Our computational modeling approach also enabled the discovery of potential therapeutic strategies to treat AF in women. Given the heightened level of Ca²⁺-dependent AF-promoting phenotypes in female atria, treatment for female patients should prioritize the suppression of Ca²⁺-dependent arrhythmia. Our simulations demonstrate that targeting the t-tubular system and Ca²⁺-handling machinery could substantially attenuate Ca²⁺-dependent arrhythmic events and dysfunction. Moreover, combined interventions for multiple targets were more effective than single-target strategies. Although these results recommend Ca²⁺-directed therapeutic strategies as a promising anti-AF approach for female patients, they also underscore the need for further fundamental and clinical studies to ultimately develop sex-specific management strategies for AF.
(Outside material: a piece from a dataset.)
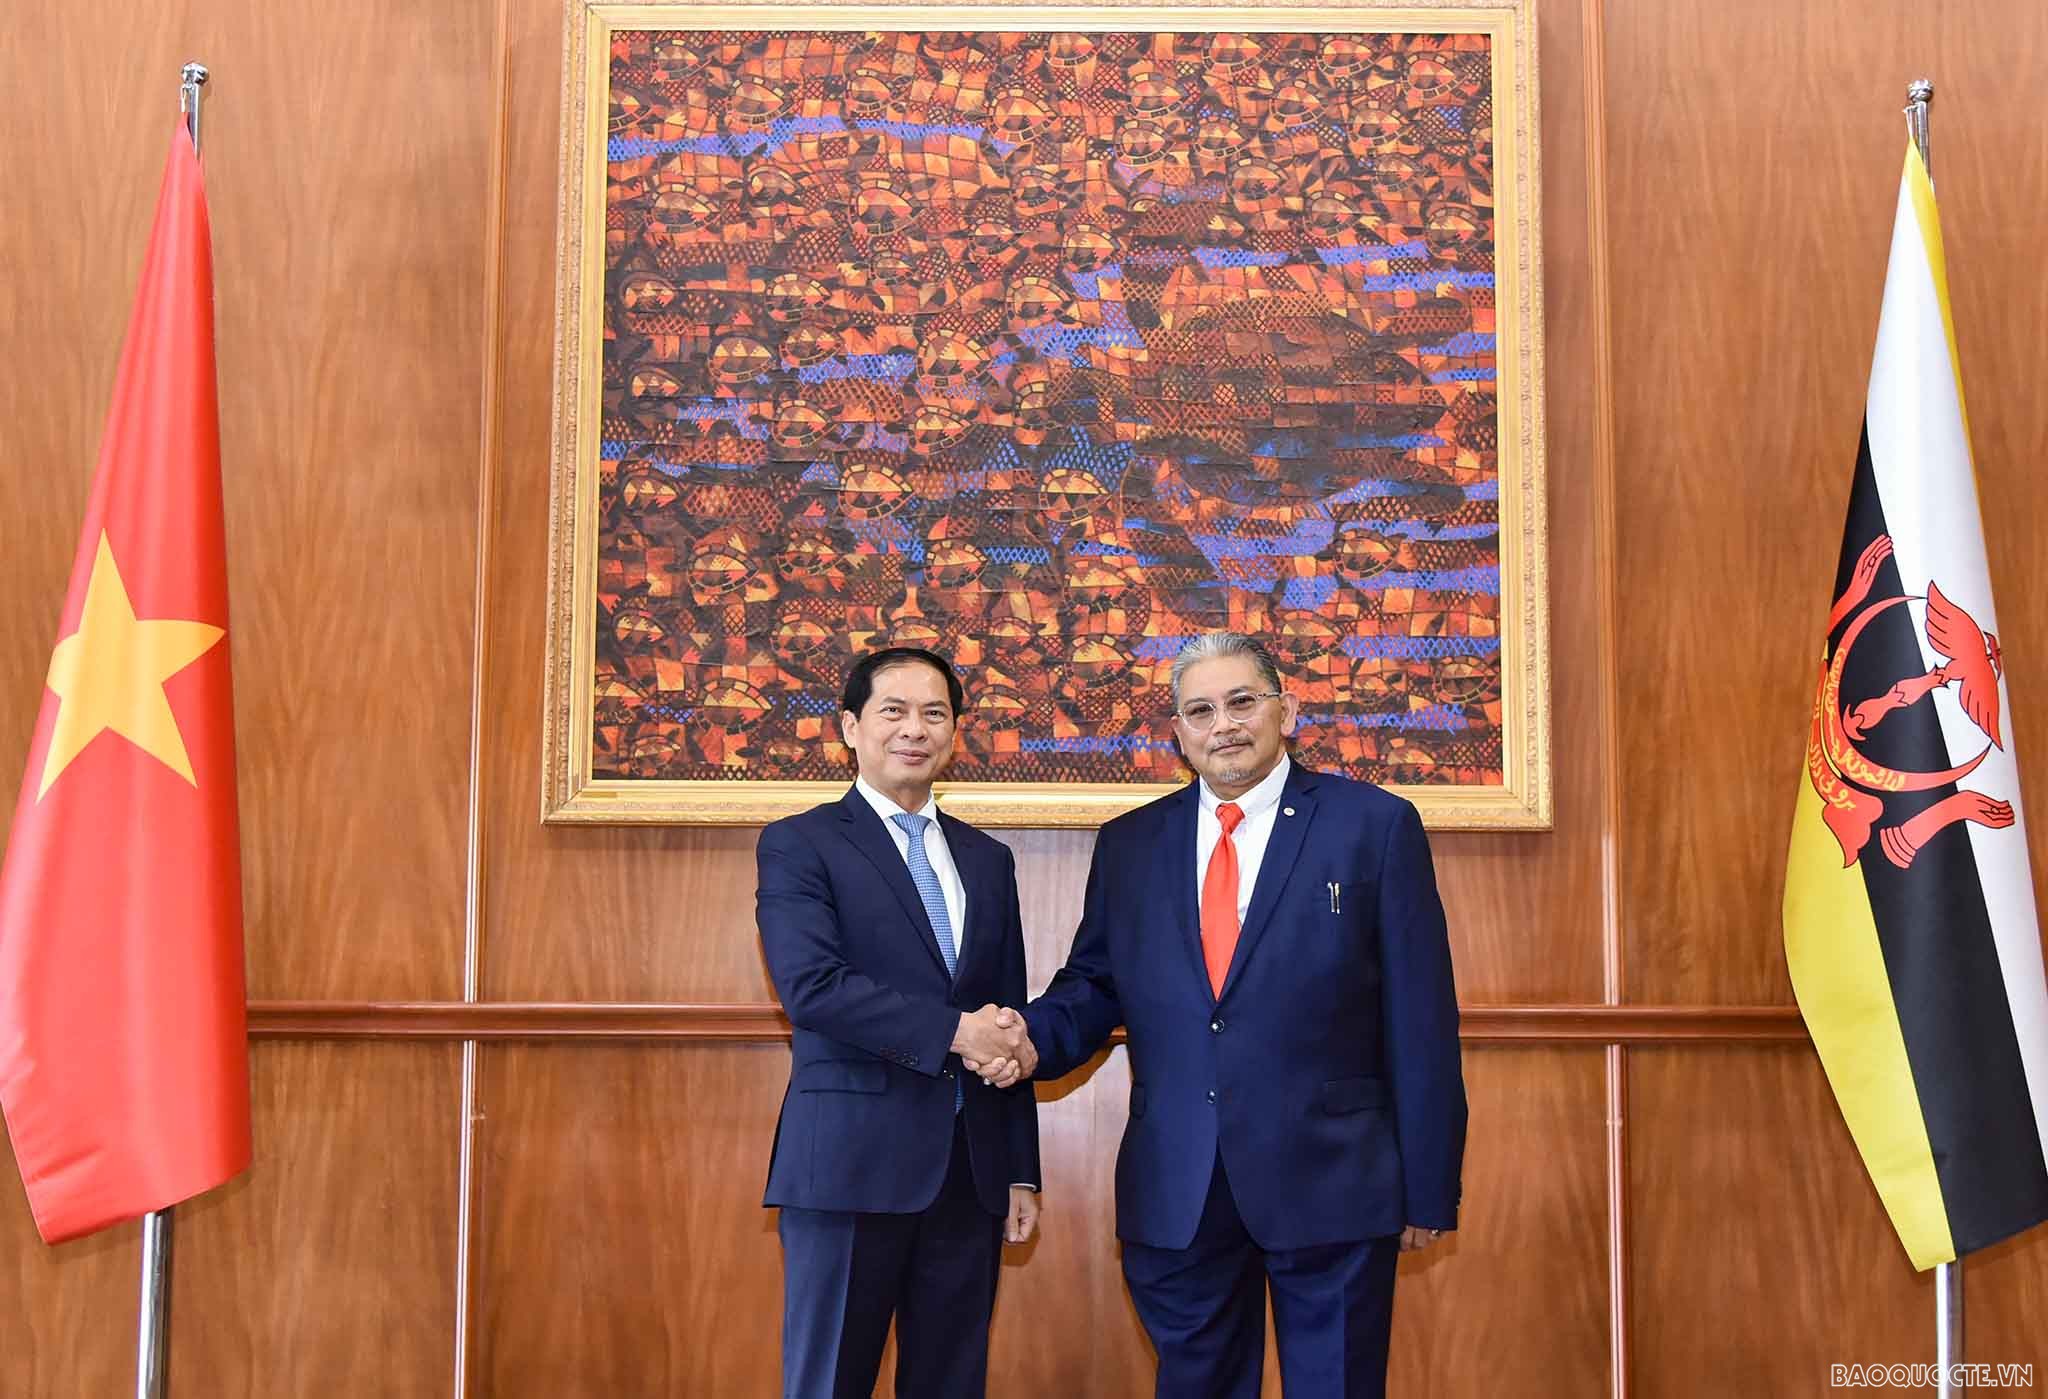 Bộ trưởng Ngoại giao Bùi Thanh Sơn đồng chủ trì Kỳ họp lần 2 Ủy ban hỗn hợp về Hợp tác song phương Việt Nam-Brunei

Overall, our study confirmed that sex-specific models are instrumental in our ongoing goal to quantitatively uncover sex-based mechanisms in AF and identify novel therapeutic strategies. While it is of course imperative to include more female subjects in future fundamental and clinical cardiovascular wet lab studies, our work strongly advocates for the development of sex-specific models in dry lab research to better understand the influence of sex as a biological variable.

This study was conducted by Xianwei Zhang, Yixuan Wu, Charlotte Smith, Stefano Morotti, Eleonora Grandi, and Haibo Ni of the University of California, Davis; William Louch of Oslo University Hospital and the University of Oslo; and Dobromir Dobrev of the University of Duisburg-Essen. A complete manuscript for the work is available in [10].
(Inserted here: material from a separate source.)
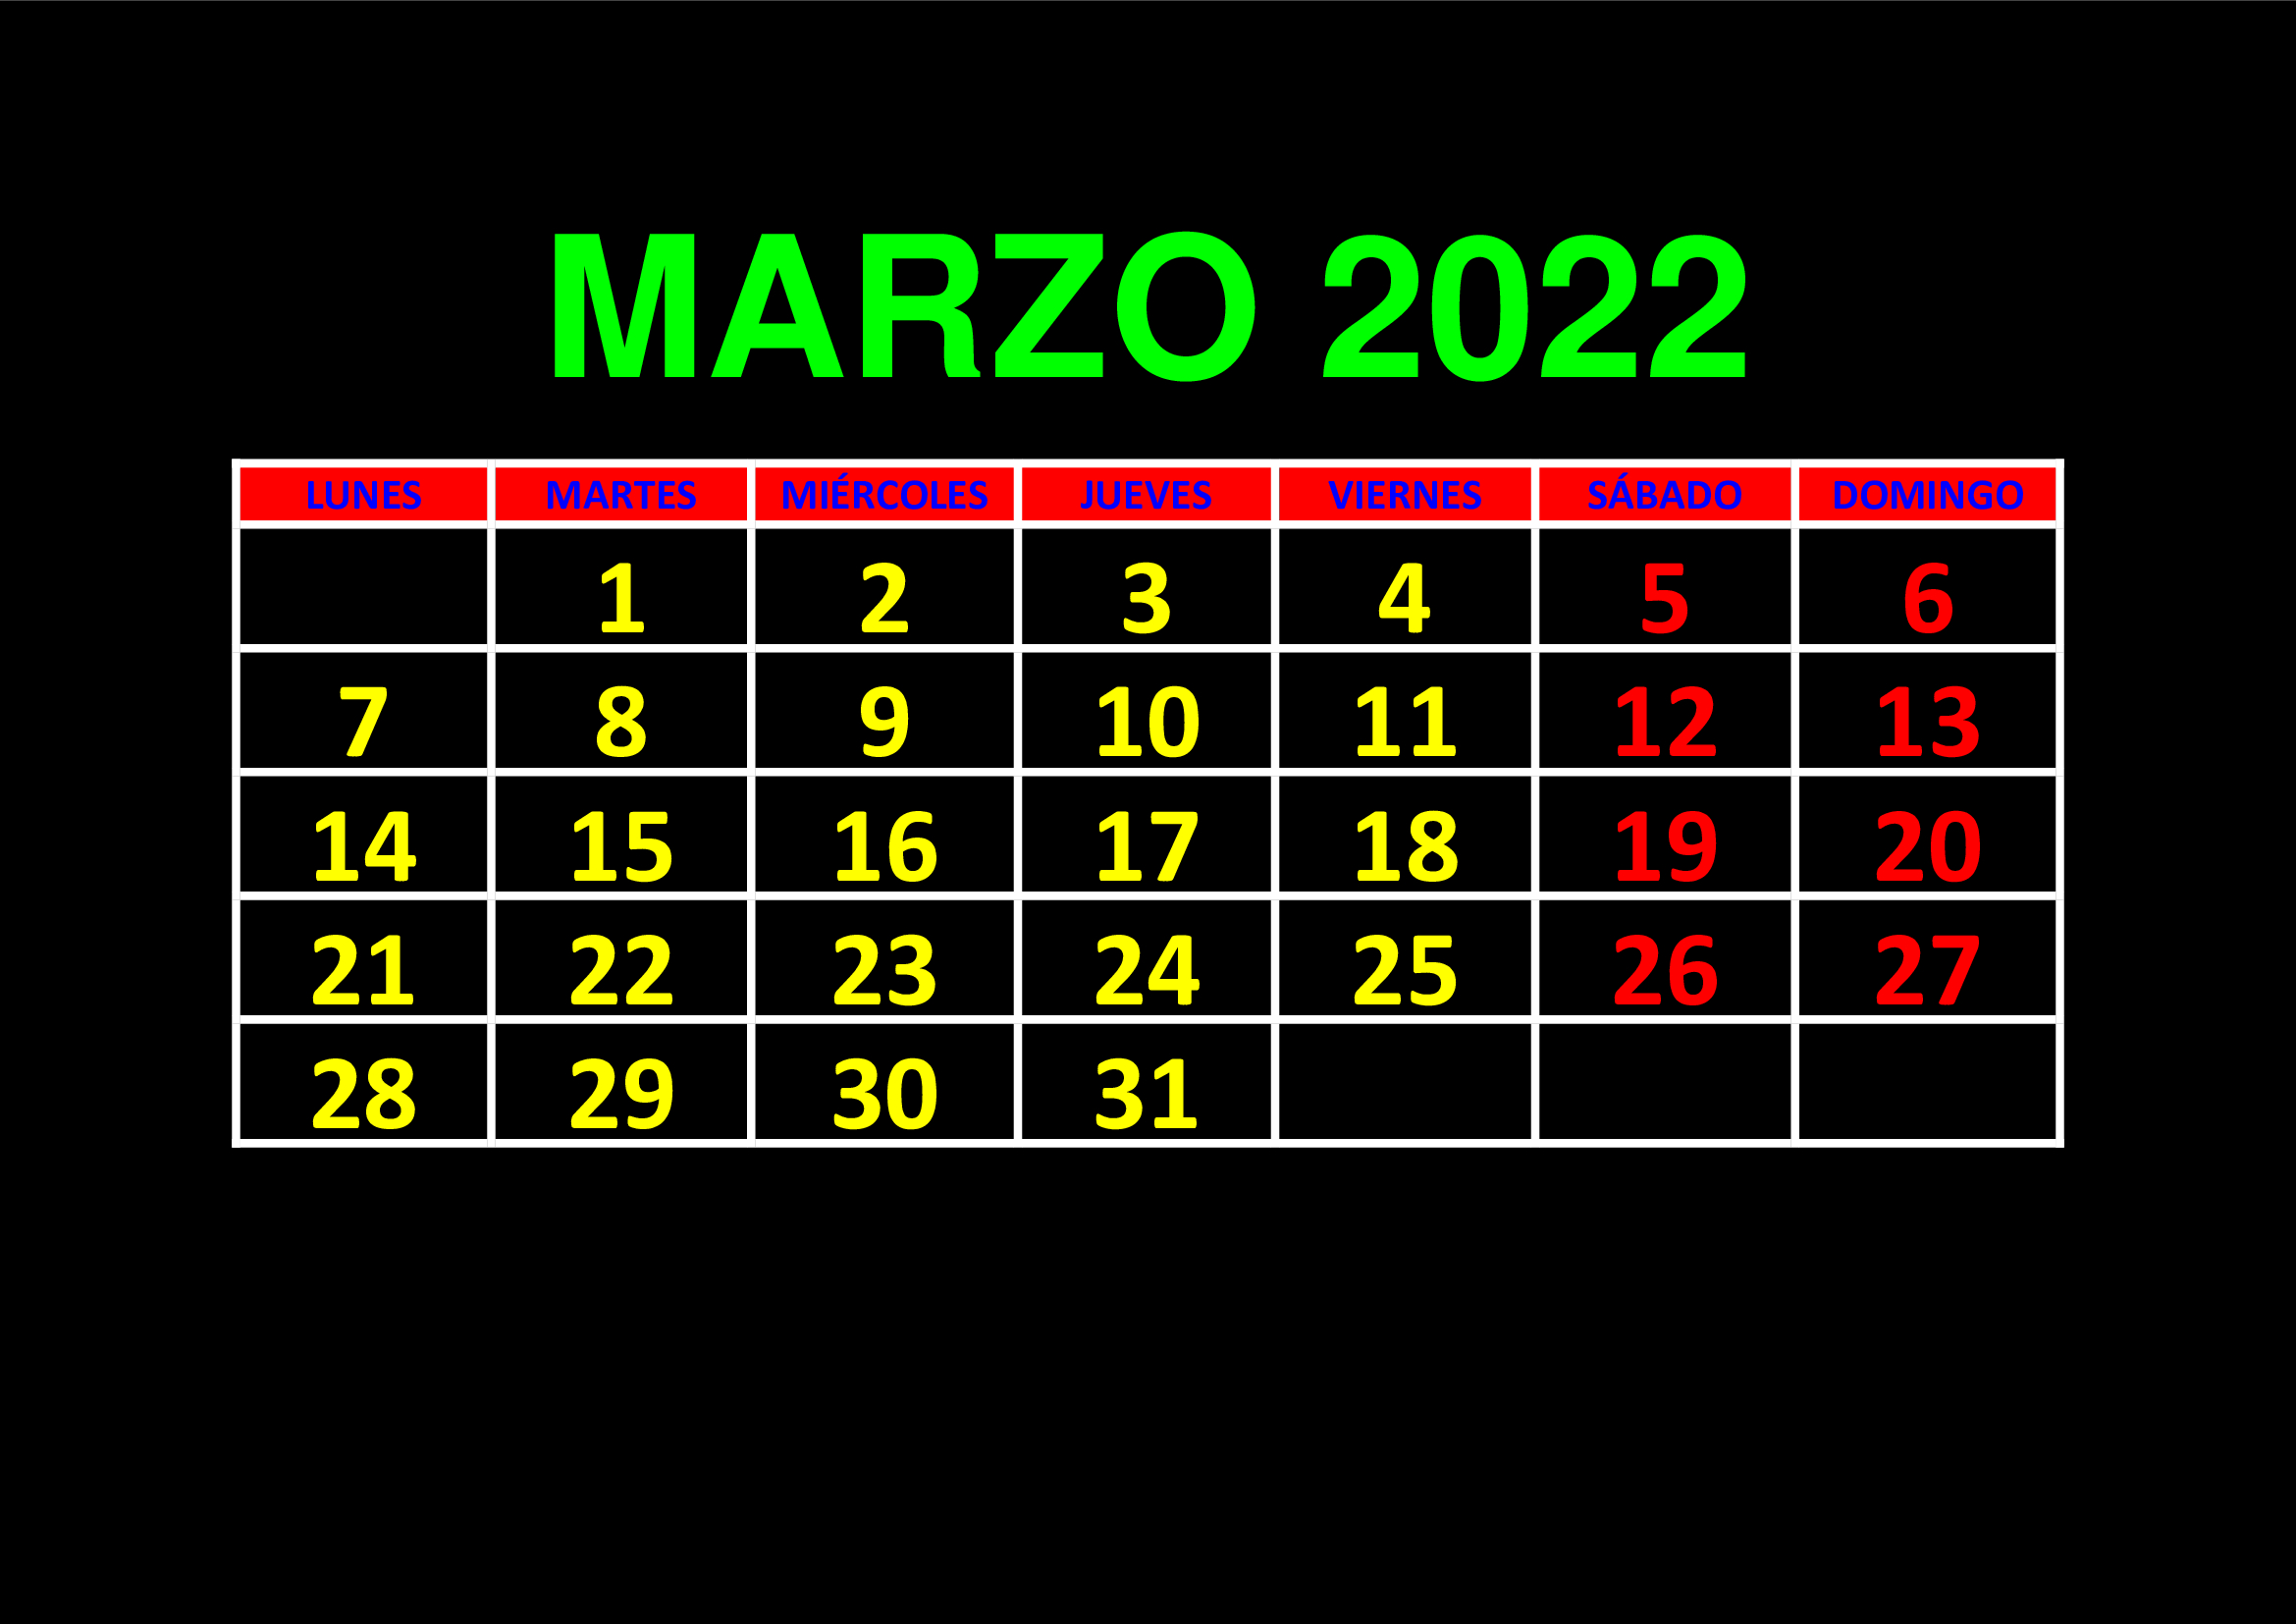 La imagen muestra el mes de marzo de 2022

Haibo Ni delivered a minisymposium presentation on this research at the 2024 SIAM Annual Meeting, which took place in Spokane, Wash., last year.
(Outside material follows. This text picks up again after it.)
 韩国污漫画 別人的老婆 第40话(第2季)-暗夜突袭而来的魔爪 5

Acknowledgments: This work was supported by American Heart Association Career Development Award 24CDA1258695, postdoctoral fellowships 20POST35120462 and 24POST1195229, and predoctoral fellowship 20PRE35120465; National Institutes of Health (NIH)/National Heart, Lung, and Blood Institute grants R01HL131517, R01HL170521, R01HL141214, P01HL141084, R01HL136389, R01HL089598, R01HL163277, R01HL160992, R01HL165704, and R00HL138160; NIH Stimulating Peripheral Activity to Relieve Conditions grant 1OT2OD026580-01; the Research Council of Norway; the University of California, Davis School of Medicine Dean’s Fellow Award; the European Union large-scale integrative project MAESTRIA no. 965286; the Burroughs Wellcome Fund; and a Doris Duke Charitable Foundation "COVID-19 Fund to Retain Clinical Scientists" award.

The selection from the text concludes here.